Ognuno darà l’opera sua nella corporazione d’arte
e di mestieri, a cui appartiene, a seconda delle proprie forze; e le
produzioni dei diversi generi di lavoro, i raccolti della campagna,
i prodotti dell’industria e dell’arte saranno custoditi
nelle varie località in depositi comuni, da cui ciascuno prenderà
quanto gli abbisogna per se e per la famiglia.
La formula del lavoro e del consumo si riassume nella massima: Da ciascuno
secondo le proprie forze, a ciascuno secondo i propri bisogni.
Il lavoro essendo allora divenuto un dovere per tutti, ed essendo moltissimi
più i lavoratori, la produzione di tutti i generi avrà
un grandissimo aumento; tanto da essere più che sufficiente ai
bisogni di tutti, e la divisione del lavoro tra un numero di persone
assai maggiore di quelle che attualmente devono produrre per tutti,
risparmierà a ciaschedun lavoratore parecchie ore di fatica.

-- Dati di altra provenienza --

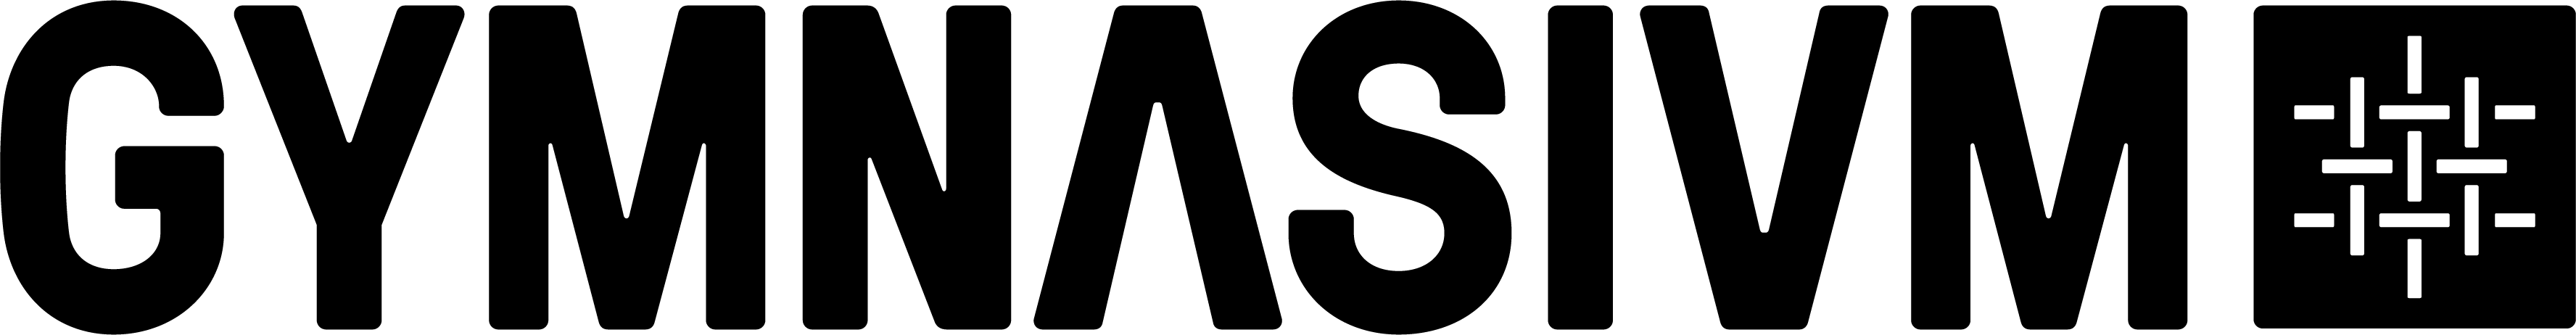 logo for GYMNASIUM

Tutto quello che verrà accumulato nei magazzini e nei depositi
della comunità, prodotti della terra, tessuti, manifatture, commestibili
ed ogni oggetto infine necessario alla vita, essendo il frutto del lavoro
di tutti, dovrà appartenere a tutti indistintamente.
Pietro Gori
(...)
Se Errico Malatesta fu l’agitatore instancabile e l’organizzatore,
se Luigi Fabbri fu l’intellettuale acuto e aperto alle sollecitazioni
di una società in profondo mutamento, Pietro Gori
fu, a cavallo fra ottocento e novecento, fra i grandi anarchici italiani,
quello che più di ogni altro riuscì a comunicare all’immaginazione
delle masse popolari la grandezza e la sovversiva originalità
dell’umanesimo anarchico.
La sua vita avventurosa e la tragica e prematura morte ne hanno a lungo
accompagnato il ricordo, evidenziandone gli aspetti più romantici,
quelli che ne hanno fatto “il cavaliere dell’ideale”

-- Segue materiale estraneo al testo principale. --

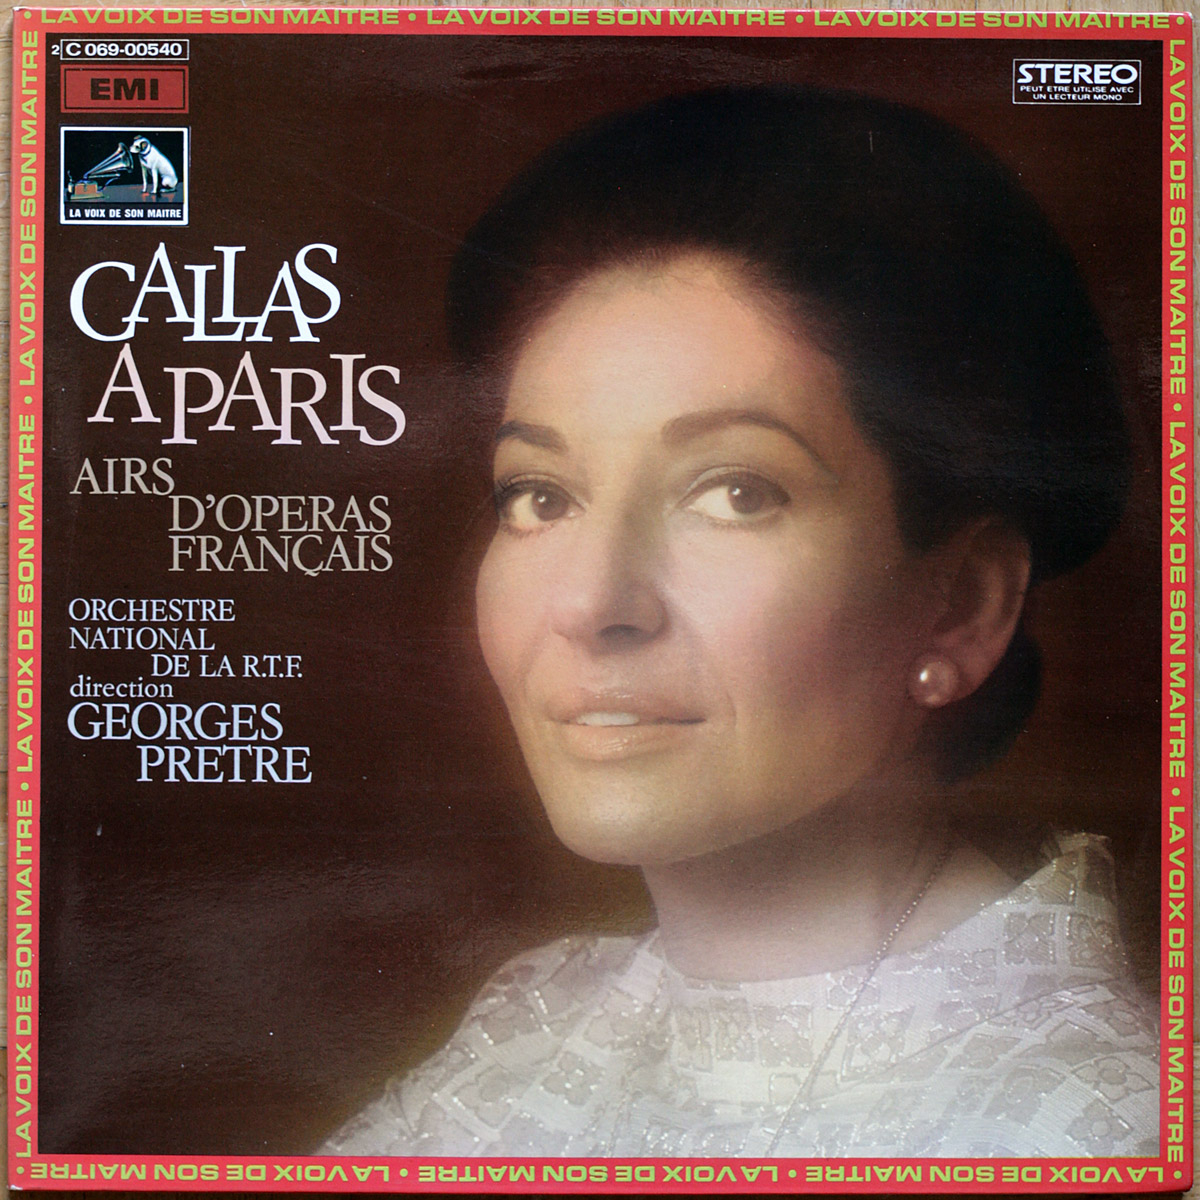 Callas à Paris • Airs d'opéras français • Gluck • Bizet • Saint-Saëns • Gounod • EMI 2C 053-00540 • Maria Callas • Orchestre National de la Radiodiffusion Française • Georges Prêtre

o il “poeta dell’anarchia”, ma la sua attività
sociale, ben lungi dall’essere improntata a una approssimativa
divulgazione dell’idea anarchica, fu determinante per il crescere
e il consolidamento fra le classi subalterne di una volontà di
rivolta cosciente e di emancipazione solidale. La sintesi fra il solido
pensatore, l’agitatore irrequieto e il comunicatore di straordinaria
grandezza, contribuì alla nascita di un mito duraturo che appartenne,
trasversalmente, non solo agli anarchici della “sua” Toscana,
ma a tutti coloro che aspirarono e lottarono, col pensiero e con l’azione,
per l’edificazione di una società in cui giustizia e libertà
non fossero parole vuote destinate a pochi, ma i principi fondamentali
della vita collettiva. Un mito, quello di Pietro Gori, consolidatosi
nella convergenza fra il suo percorso di vita, “cristianamente”

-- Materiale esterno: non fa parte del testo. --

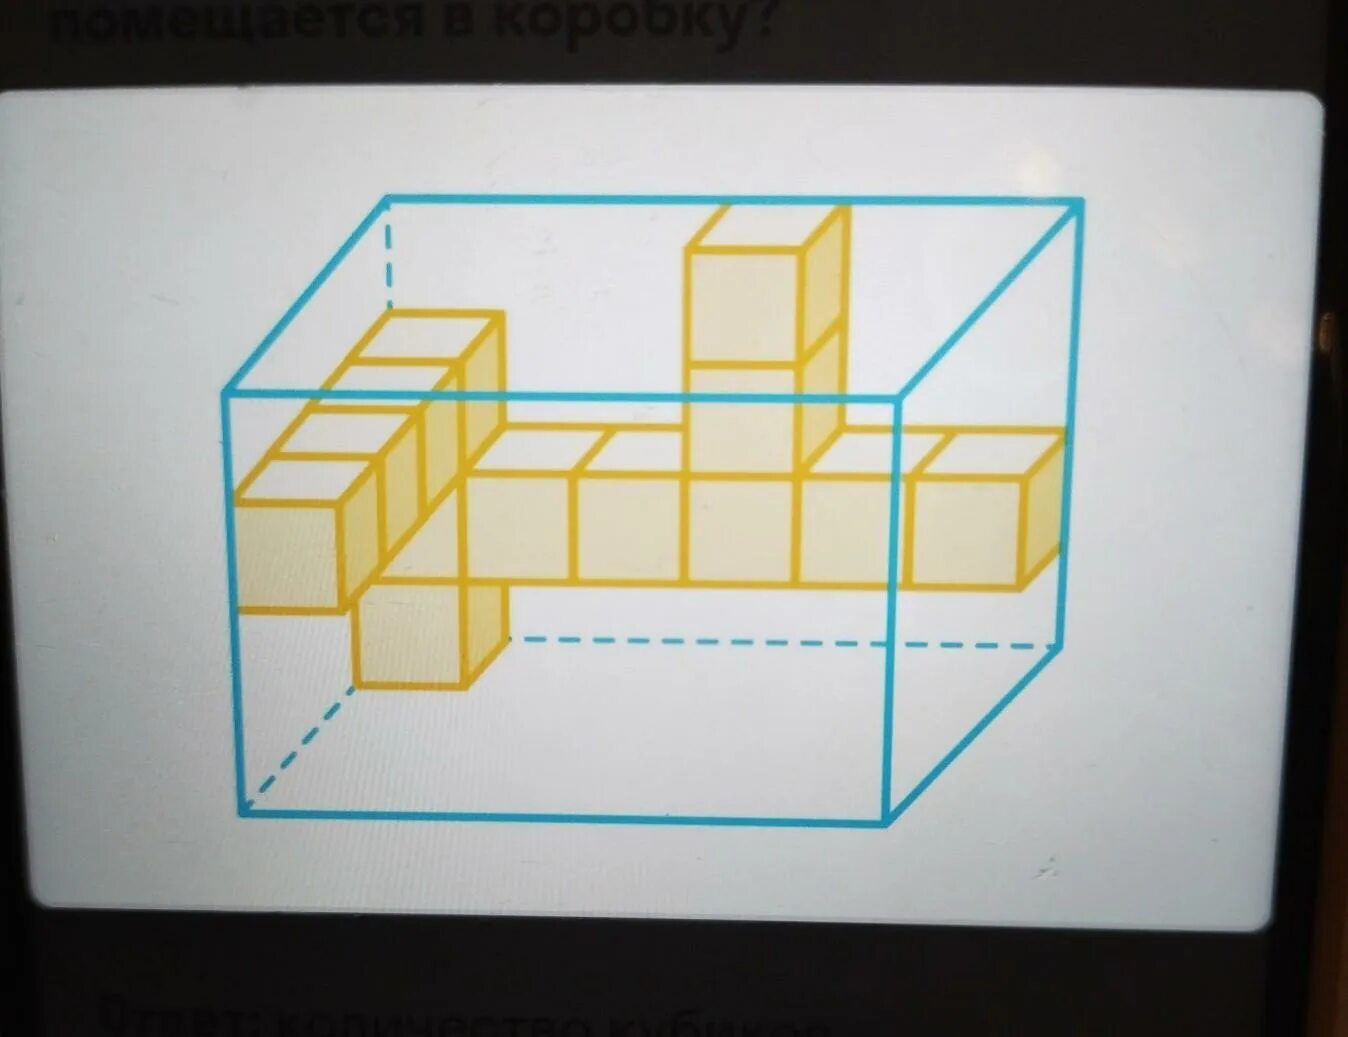 Из кубиков собрали параллелепипед. Сказочный город из параллелепипеда. Маша составила из кубиков параллелепипед. Малыш укладывает кубики в коробку в длину можно уложить 5 кубиков.

dedicato agli oppressi, e quello di larghi strati popolari che trovavano
finalmente, nella sua azione, lo strumento della propria emancipazione.
Simile alla dedizione dei contadini reggiani per Camillo Prampolini,
o delle mondine di Molinella per Luigi Massarenti, l’amore che
i minatori dell’Elba portarono a Gori spiega più e meglio
di tanti discorsi quanto profondamente incisero, in quegli anni, le
idee di libertà dell’anarchia.
Nato a Messina nel 1865 da genitori toscani e laureatosi a Pisa in giurisprudenza,
ben presto inizia la propria attività di propagandista del pensiero
anarchico, spesso affiancata da quella di avvocato negli innumerevoli
processi che vedono altri anarchici sul banco degli accusati. Il primo
arresto, con condanna a un anno di carcere, è del 1890 e successivamente
le numerose sentenze a suo carico (tutte comminate per reati d’opinione)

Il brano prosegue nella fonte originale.